In place of tagged seed investigations, which have been used in many previous studies [24], we conducted systematic investigations of caches in the ground. The fixed distance sample investigations reflected the overall dispersal situation of the Korean pine seeds outside the pine parent stands. In addition, the nest sampling investigations reflected the hoarding traits around nest trees as well as the space use of squirrels. Our results showed that the hoarding range of squirrels was much larger than the normal search range, which is consistent with reports by Xiao (2005) [24]. Therefore, tagged seed methods may not be suitable for studying hoarding patterns of a species with a large hoarding range.

Effect of food availability and animal space use on seed mass

We predicted that squirrels would hoard heavier pine seeds farther away from pine seed-bearing trees. The fixed distance sampling investigations indicated that squirrels hoarded heavier seeds 60 m away from pine stands but hoarded the lightest seeds under the pine seed-bearing trees (FIG. 3). This result supported our prediction and corroborated the findings of previous studies [17], [24], [25], [26], [37]. We also found that the squirrels selected heavier seeds to hoard when food availability was low (FIG. 3). Many studies have shown that hoarders face a relative high cache loss rate when food availability is low [15], [16], [26]; hoarding larger seeds farther away can serve to reduce pilferage from main storages [27].

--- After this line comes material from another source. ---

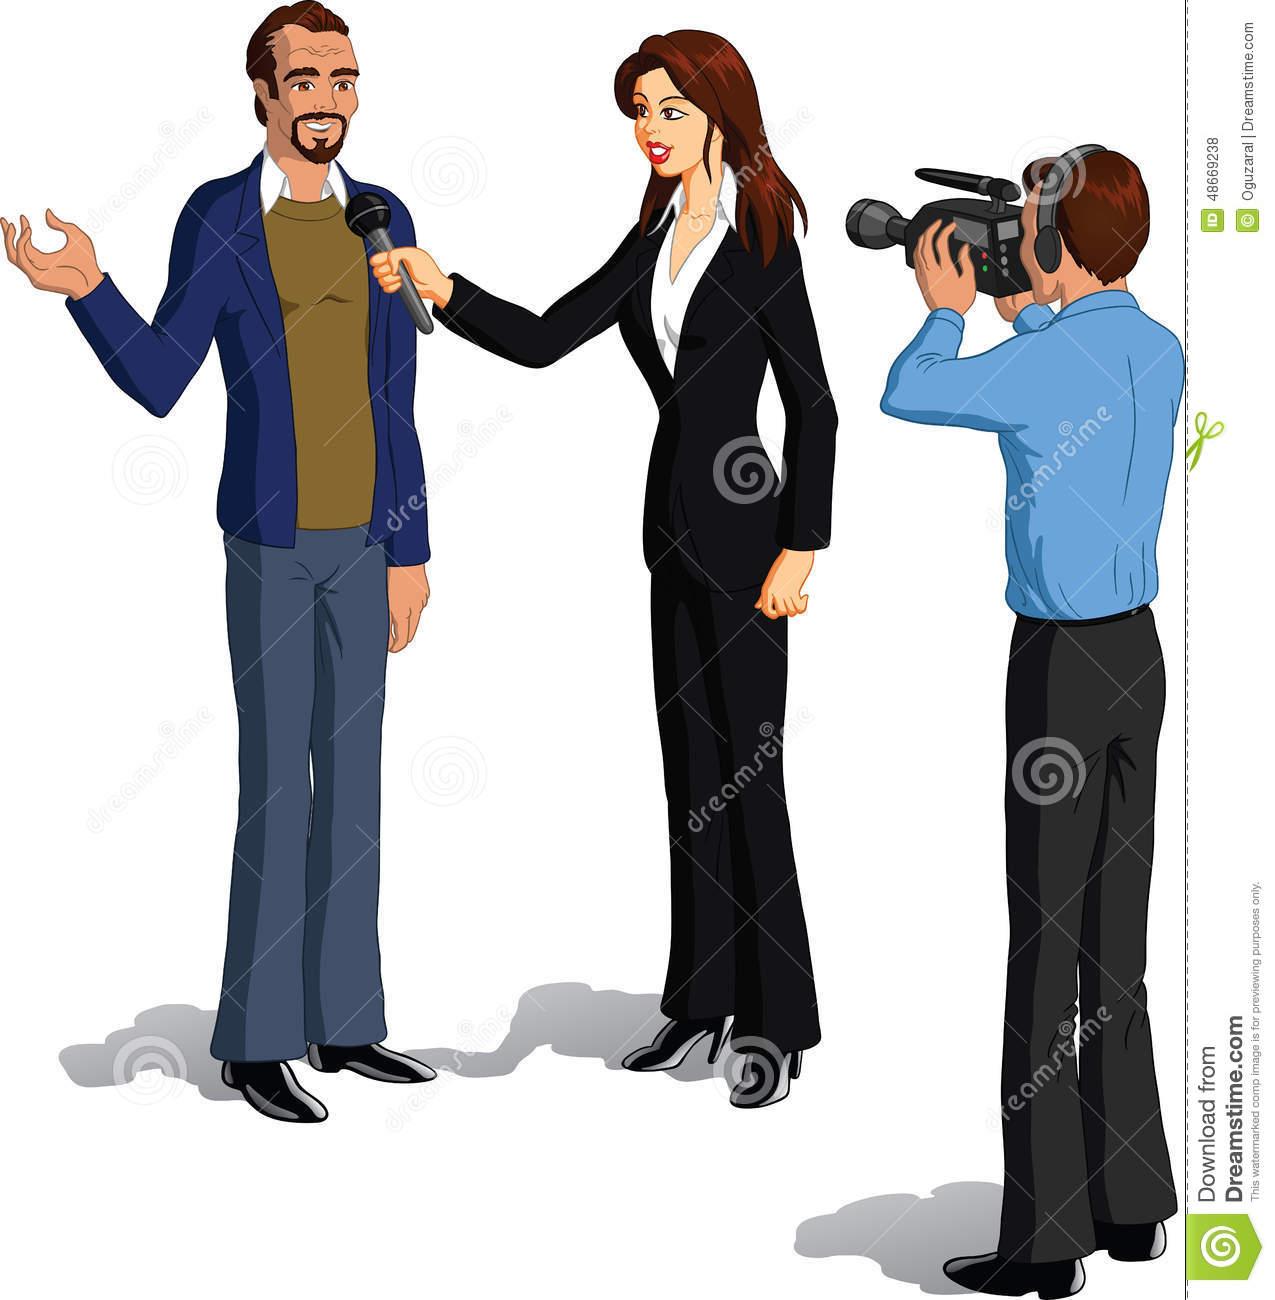 journalist%20clipart

We discovered two conflicting results in our research. First of all, the main factor affecting the hoarding seed mass was not hoarding distance but food availability based on the nest sampling investigations. The heaviest seeds were hoarded around nest trees during different years at different sample plots (FIG. 4, and compared to FIG. 3). These results did not support prediction 1. However, when we used radio-tracking methods to follow squirrel hoarding behavior, we found that the squirrels often immediately buried some seeds under the parent pine trees and then carried cone cores with the remaining seeds farther away [29], [32]. This behavior resulted in caches extending toward nest trees with the highest cache density being produced around the nest trees, which represented the core area of the squirrels’ home ranges in winter [29], [32]. Heavier seeds have a higher energy value and can provide a greater net income in the winter. Squirrels reduce their hoarding costs by leaving lighter seeds outside of their main hoarding area or by eating them immediately [29], [32]. This information suggests that the squirrels selectively hoarded the heaviest pine seeds in the core areas of their home range, regardless of its location, and their selectivity was not a response to lower food availability. The interannual differences in seed mass in the samples are most likely caused by fluctuations in seed mass and not seed production (see FIG. 2). Because most nest trees are outside the pine parent stands [29], [32], the uniformity of heavier seed mass in the 60-m samples in the fixed distance sampling investigations supported this conclusion.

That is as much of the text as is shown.